А послушаешь разговоры — иная жизнь.
— Пойдем на шахты, — мечтательно говорит один работяга другому, потягиваясь в теплой бытовке, на перекуре.
— Да там законтрабачат на целый год…
— Если я еще год здесь пробуду, меня дома не пропишут.
— Ничего! Помрешь, в Сибири закопаем.
— Слушай, у нас к другу жена приехала, — разговор переходит на более приятную тему, — а койки в общаге рядом. Аж голова кружится. Не могу!
— Ладно, — прерывает другой. — Пойдем поковыряемся.
Я вышел за ними. Издали слышались обрывки фраз.
— Я книги люблю… Жульверном заинтересовался… Разные капитаны гаттерасы…
Ветер отнес конец фразы. Долетело из другой оперы:
— Да он с ней спит!
— А ты что — у них в ногах стоял?
Моя журналистская жизнь приобрела отчетливо кочевой характер. Мне не сиделось на месте. Из редакции меня скоро выпроводили подучиться в Москве — так решили проблему отсутствующей вакансии, сплавив меня почти на год ко мне же домой, на курсы повышения квалификации — так называлась эта синекура. Потом, когда вернулся, я много разъезжал по Кузбассу, но и это надоело — ушел в многотиражку к старым запсибовским друзьям. Оттуда периодически погружался в родную монтажную бригаду: на полгода, а то и на год. Я понял, что я летун, и смирился с этим. И всегда находился какой-нибудь повод — такой, что не уйти было нельзя.

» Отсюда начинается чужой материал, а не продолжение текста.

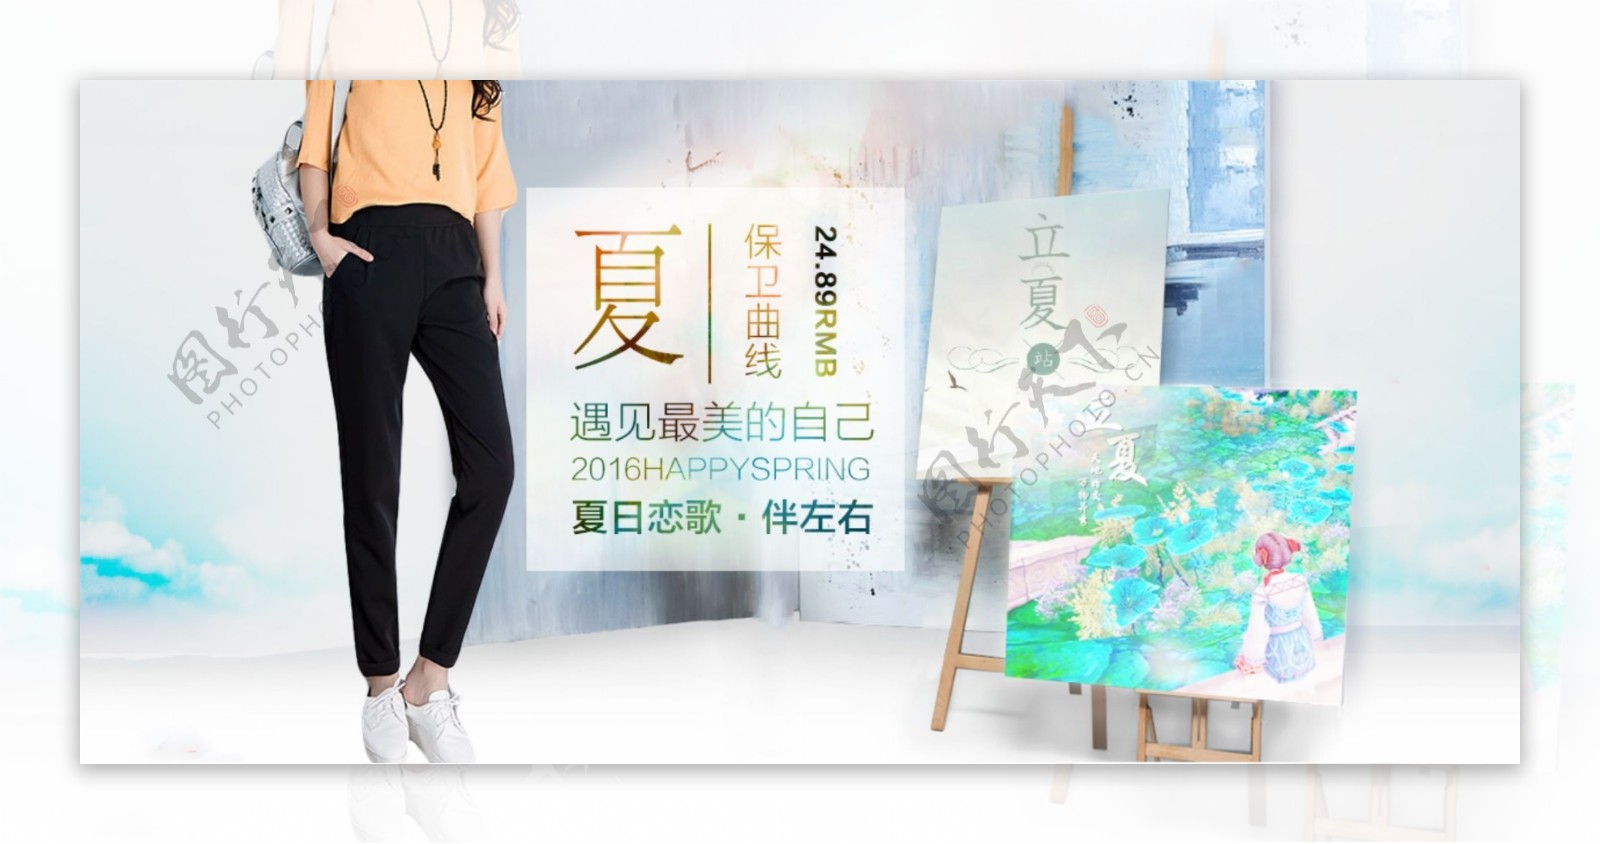 淘宝夏季长裤促销海报设计PSD素材

За наши грехи к нам в редакцию «Металлургстроя» назначили куратора по фамилии Шамин. Он-то меня и доконал. Он так вошел в роль редактора, что — будучи прежде простым партийным функционером невысокого ранга — теперь жаждал поля деятельности, стал приезжать в типографию читать номер.
— Запятую надо убрать, — говорил он, изводя нас. И медленно сверял слово за словом: — «… пристрастен ко всем явлениям жизни», — читал он. — Пристрастен… Как это понимать?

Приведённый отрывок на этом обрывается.